Use Spark 3 actions with a custom Python executable

Learn how to use a custom Python executable in a given Spark 3 action.

Similar to Spark 2, Spark 3 also provides the capability to define a custom Python executable for use with spark3-submit through the spark.pyspark.python Spark 3 conf argument. For more details, please see the Latest Spark3 documentation. Consequently, if you include the spark.pyspark.python Spark 3 conf in your Oozie Spark 3 action, the Python executable you specify is used when executing the Spark 3 action through Oozie.

To simplify the usage of a customized Python executable with Oozie's Spark 3 action, you can use the oozie.service.Spark3ConfigurationService.spark.pyspark.python property. This property functions similar to Spark 3's spark.pyspark.python conf argument, allowing you to specify a custom Python executable. Oozie then passes this executable to the underlying Spark 3 application executed through Oozie.

You can specify this configuration in different ways.

Setting Spark 3 actions with a custom Python executable globally

You can set it globally in Cloudera Manager. To do that, perform the following steps:
  1. Navigate to Oozie's configuration page in Cloudera Manager.
  2. Search for Python Executable for Spark3 Actions.
  3. Specify its value to point to your custom Python executable.
    For example, if you installed Python 3.7 to /opt/python37-for-oozie, then specify the value as /opt/python37-for-oozie/bin/python3.


  4. Save the modifications.
  5. Allow Cloudera Manager some time to recognize the changes.
  6. Redeploy Oozie.

Setting Spark 3 actions with a custom Python executable per workflows

You can also specify a custom Python executable for a given workflow using the same property:
<workflow-app name="spark_workflow" xmlns="uri:oozie:workflow:1.0">
    <global>
        <configuration>
            <property>
                <name>oozie.service.Spark3ConfigurationService.spark.pyspark.python</name>
                <value>/opt/python37-for-oozie/bin/python3</value>
            </property>
        </configuration>
    </global>
    <start to="spark_action"/>
    <action name="spark_action">
        ...

The same workflow-level Python executable can be achieved if you set the property in your job.properties file.

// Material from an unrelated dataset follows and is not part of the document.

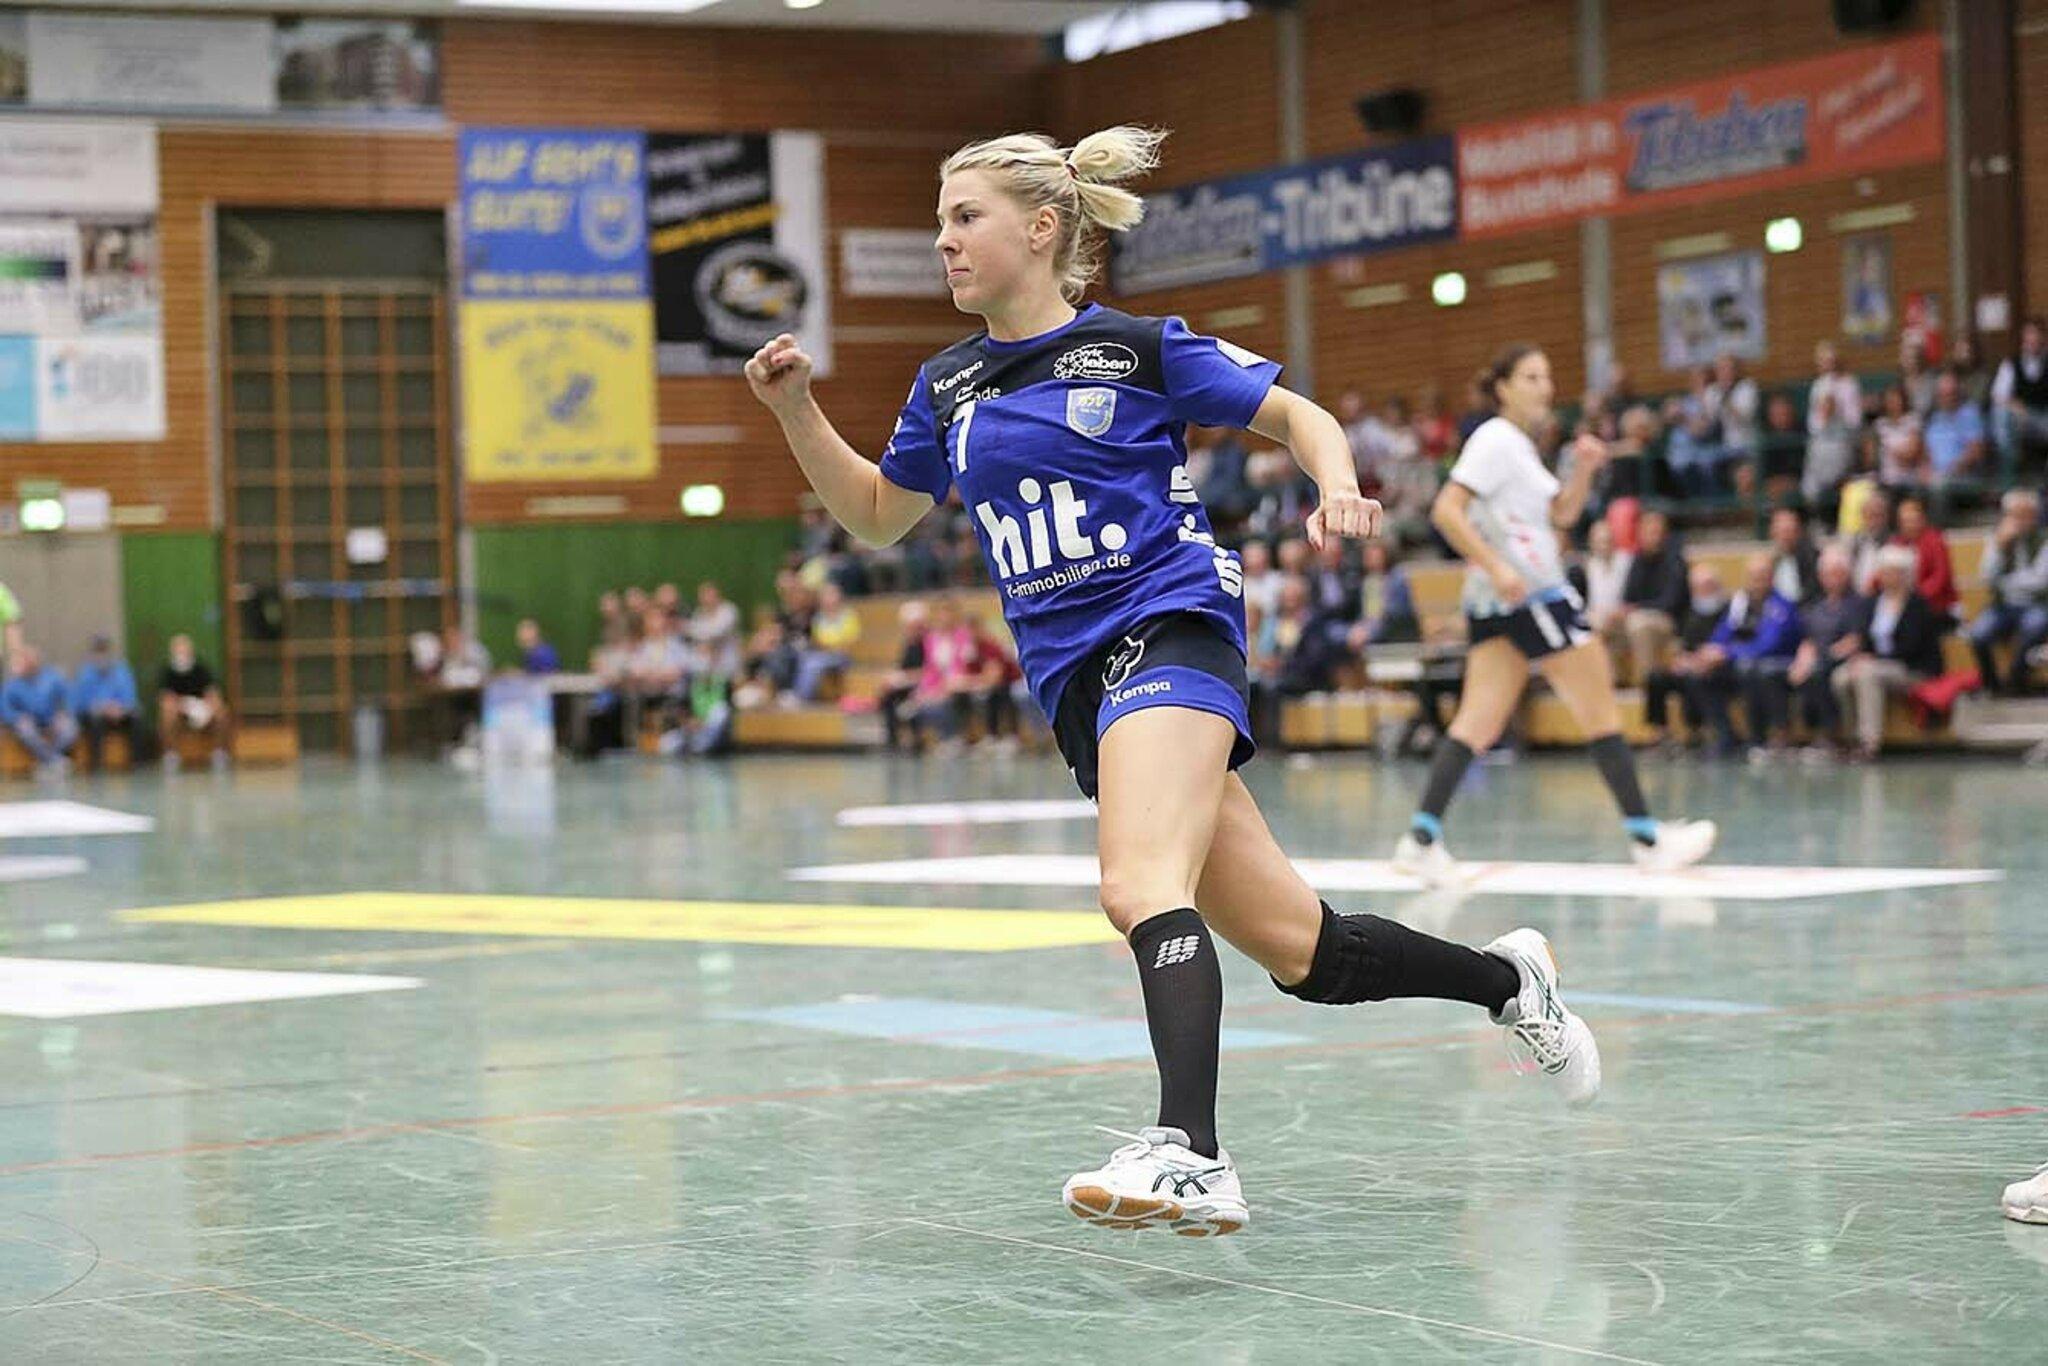 Die Linskaußen absolvierte ihr 292. Spiel für den BSV                                                                  Lone Fischer: Die Buxtehuder Rekordspielerin

Setting Spark 3 actions with a custom Python executable for a given Spark action only

Finally, you can only change the Python executable for a given Spark 3 action. For example:
<workflow-app name="spark_workflow" xmlns="uri:oozie:workflow:1.0">
    <start to="spark_action"/>
    <action name="spark_action">
        <spark3 xmlns="uri:oozie:spark3-action:1.0">
            <resource-manager>${resourceManager}</resource-manager>
            <name-node>${nameNode}</name-node>
            <configuration>
                <property>
                    <name>oozie.service.Spark3ConfigurationService.spark.pyspark.python</name>
                    <value>/opt/python37-for-oozie/bin/python3</value>
                </property>
            </configuration>
            ...
The following order of precedence is applied for this configuration:
  1. Oozie does not override the configuration of spark.pyspark.python in the <spark-opts> tag of your action definition if you have already set it.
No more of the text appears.